Прокурор снова поднялся с места и обратился к судье.

– Ваша честь, но ведь в уголовном деле было три жалобы. Подсудимый Виктор Кондрашкин преследовал и пытался изнасиловать еще одну несовершенную девушку, шестнадцатилетнюю Жанну Николаеву. Ведь ордер на задержание подсудимого Виктора Кондрашкина был составлен на основании трех заявлений, которые были принесены в отдел внутренних дел почти одновременно, в один и тот же день.

Судья пятой категории Лидия Федорчук даже глазом не моргнула.

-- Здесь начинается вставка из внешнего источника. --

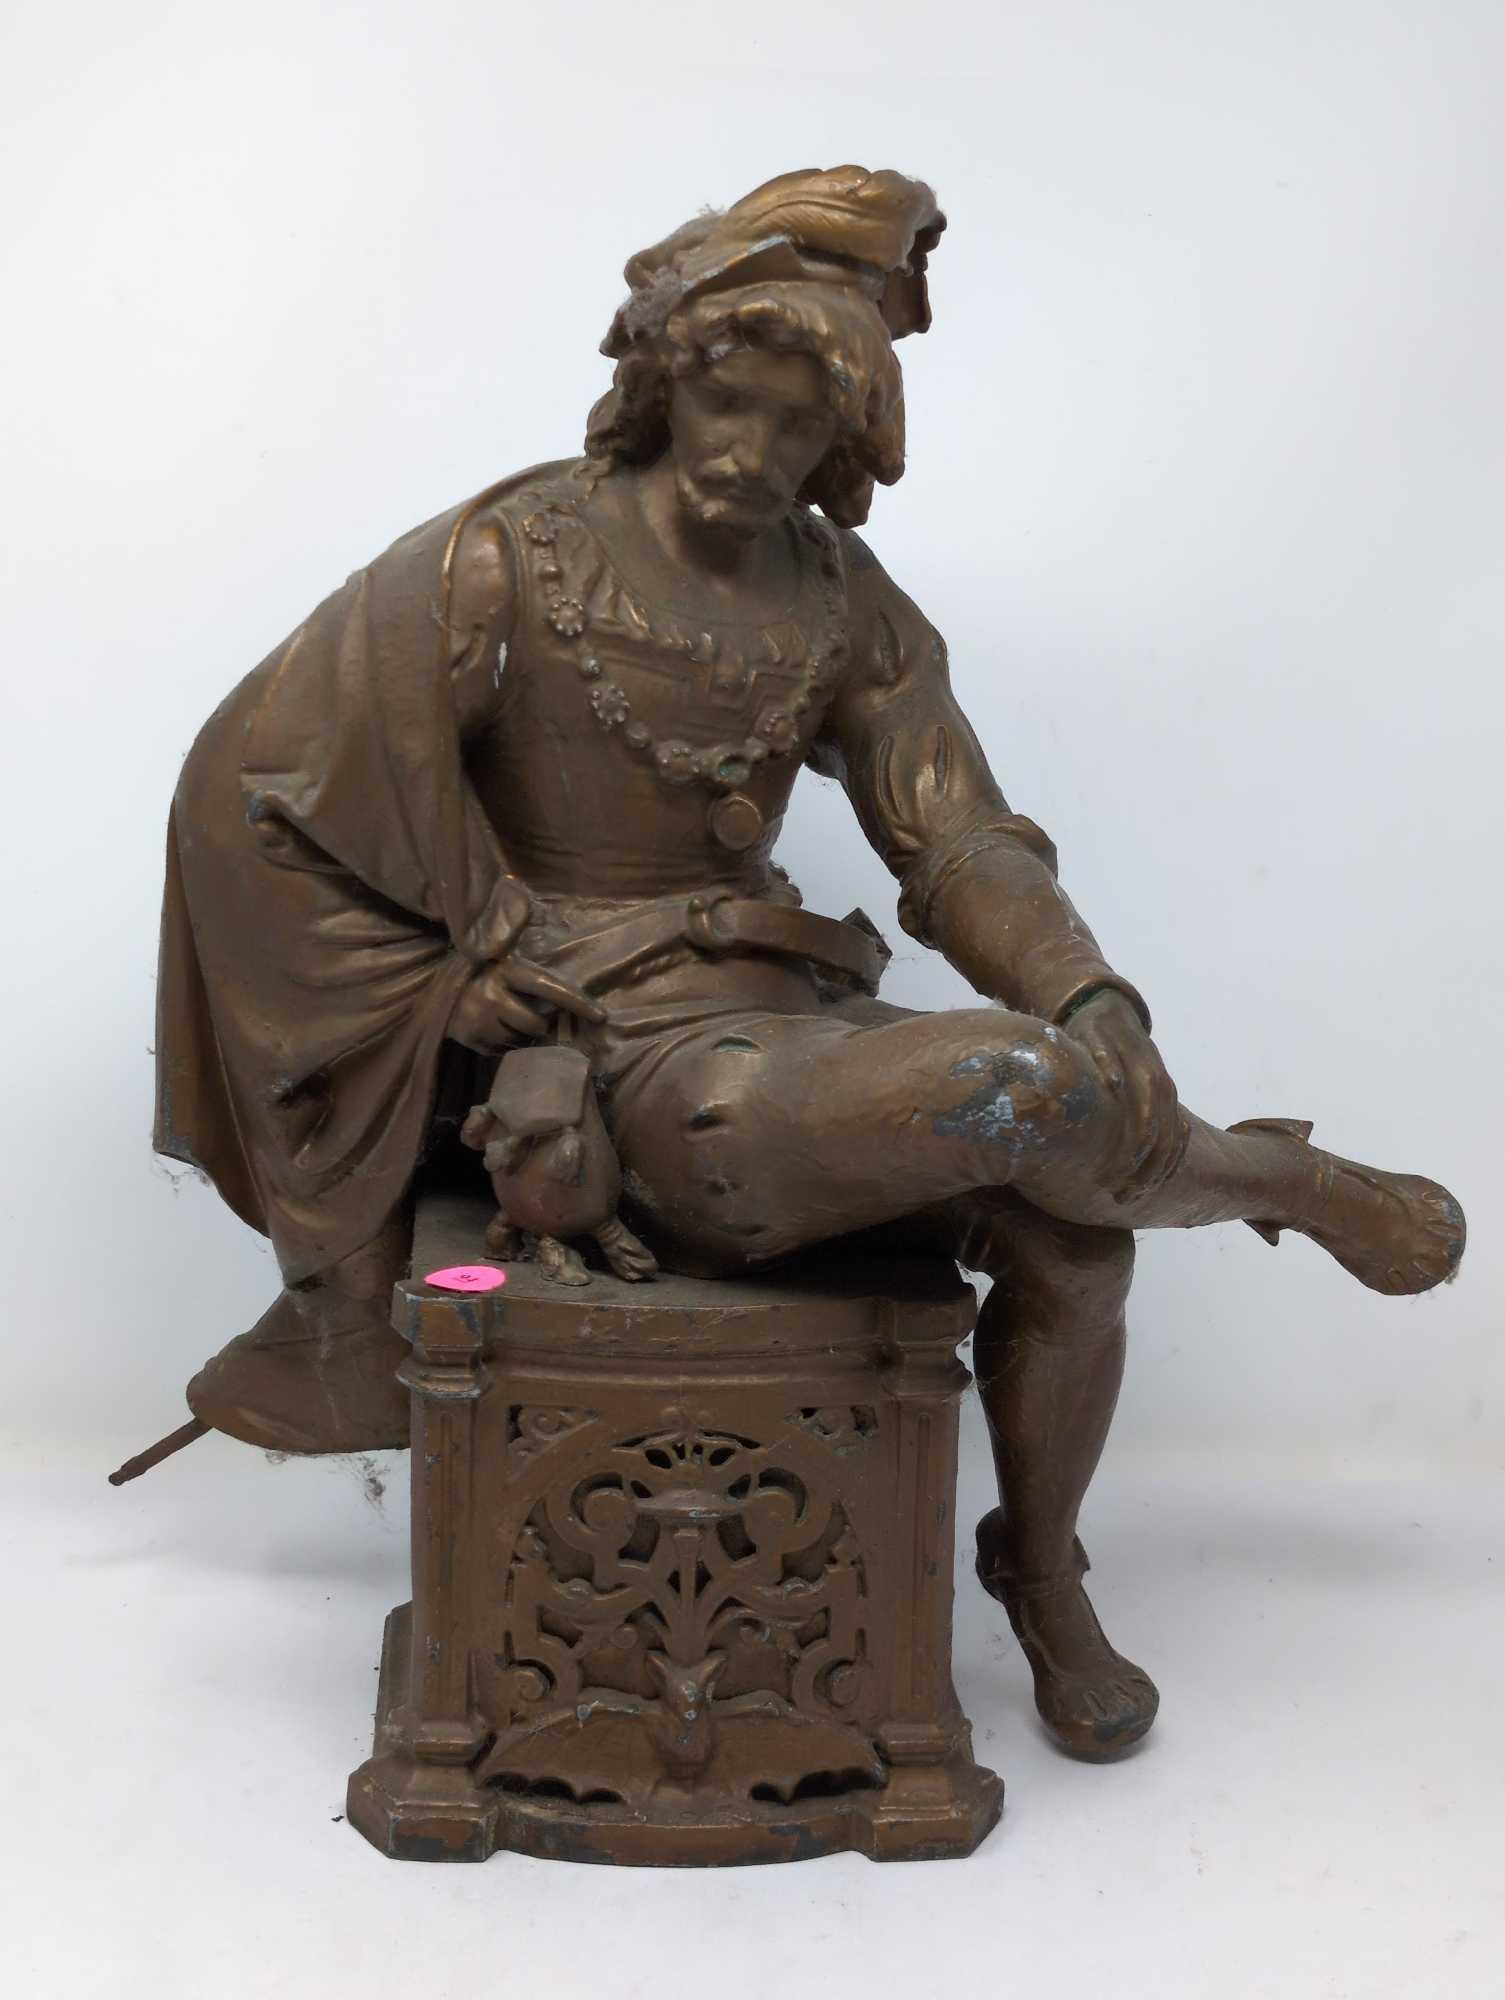 (FOYER) ANTIQUE VICTORIAN SPELTER STATUE DEPICTING AN ENGLISHMAN SITTING ON AN ORNATE BAT DETAILED
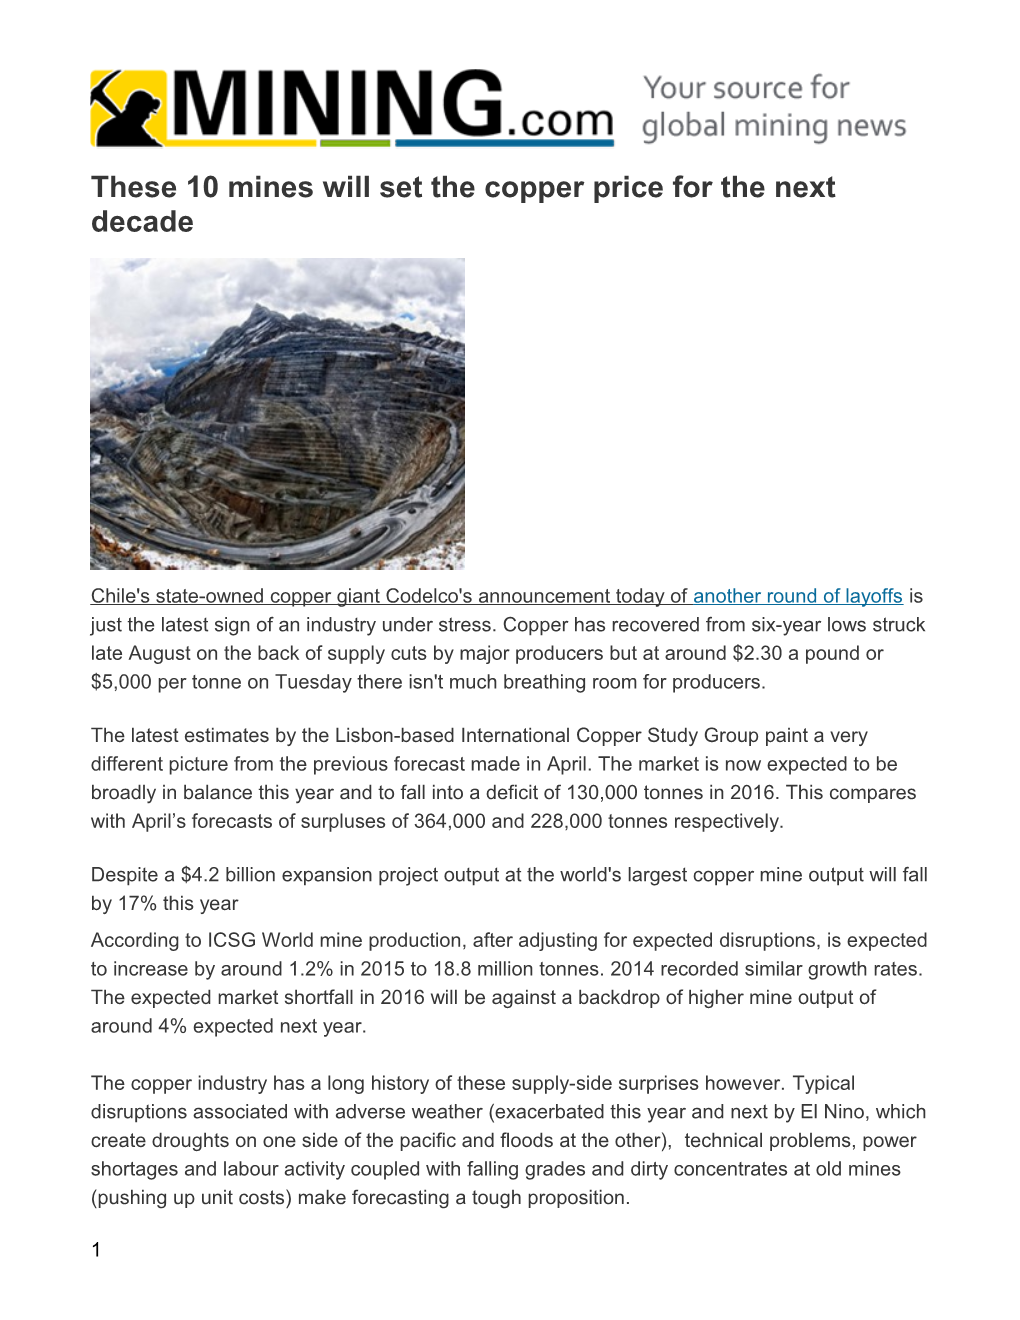 These 10 Mines Will Set the Copper Price for the Next Decade

– Мне об этом ничего не известно. Заявления, о котором вы говорите и на которое ссылаетесь, в уголовном деле нет. Передо мной лежат все материалы уголовного дела, и в них только два заявления и, соответственно, два эпизода, инкриминируемых подсудимому.

– Ваша честь, до самого последнего момента, то есть до передачи дела в суд, заявление третьей потерпевшей, Жанны Николаевой, было в уголовном деле, но в самый последний момент оно таинственным образом исчезло, то есть было изъято.

– Изъято из дела? И кто же мог это сделать? Господа, вы ведь не подозреваете, что это могла сделать я. – Судья иронично улыбнулась и добавила: – Заверяю вас, что я здесь ни причем.

– Разве не ясно, кто? Следователь, расследовавший это дело. Больше некому, – уверенно сказал адвокат потерпевшей Печёнкин.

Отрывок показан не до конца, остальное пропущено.